The clouds are dark in the foreground,
with ambiguous breaks of sky

beyond the boat. History runs
toward, or from desire.
A forest on fire craves rain;
A Lightning storm ignites a flame.

© 2013 by David J. Bauman

13 thoughts on “Pocahontas Rewritten or at Least Revised

  1. I like the obvious ambivalence of your feelings towards the Pocahontas film. It is always worth re-visiting, revising older work. Fresh eyes see faults, sometimes as simple as a misplaced comma, or an overused word.

  2. I like both versions, though I must admit that my gut response to the photograph was, “Damn, she’s white!”

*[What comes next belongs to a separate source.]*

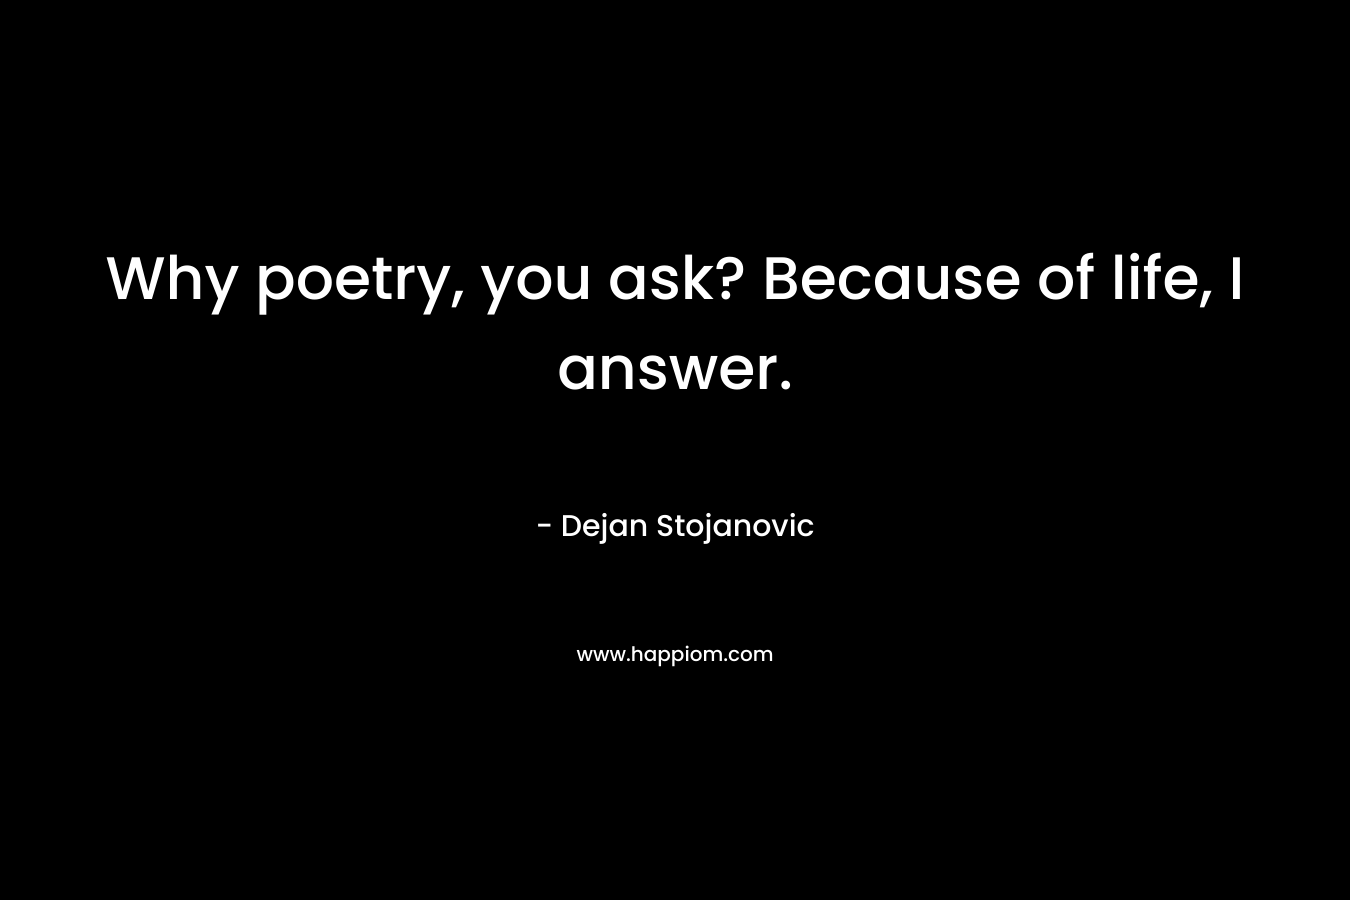 Why poetry, you ask? Because of life, I answer.

    From the earlier version, I like the phrase barbie doll dreams–while the later version is more specific, it took me a minute to think through “these are what barbie gets, as an adult”–the second one lacks the connotations of artificiality and immaturity, it feels less like hard plastic. I like the way the earlier version de-emphasizes John Smith, because the poem isn’t really about him (as the film shouldn’t have been). I like the ending of this early version.

    From the later version, I like the stronger emphasis on the way the photographer objectifies her, makes her sexy instead of a historically accurate fourteen-year-old. I also like the emphasis on desire at the end. So I like them both, for different reasons.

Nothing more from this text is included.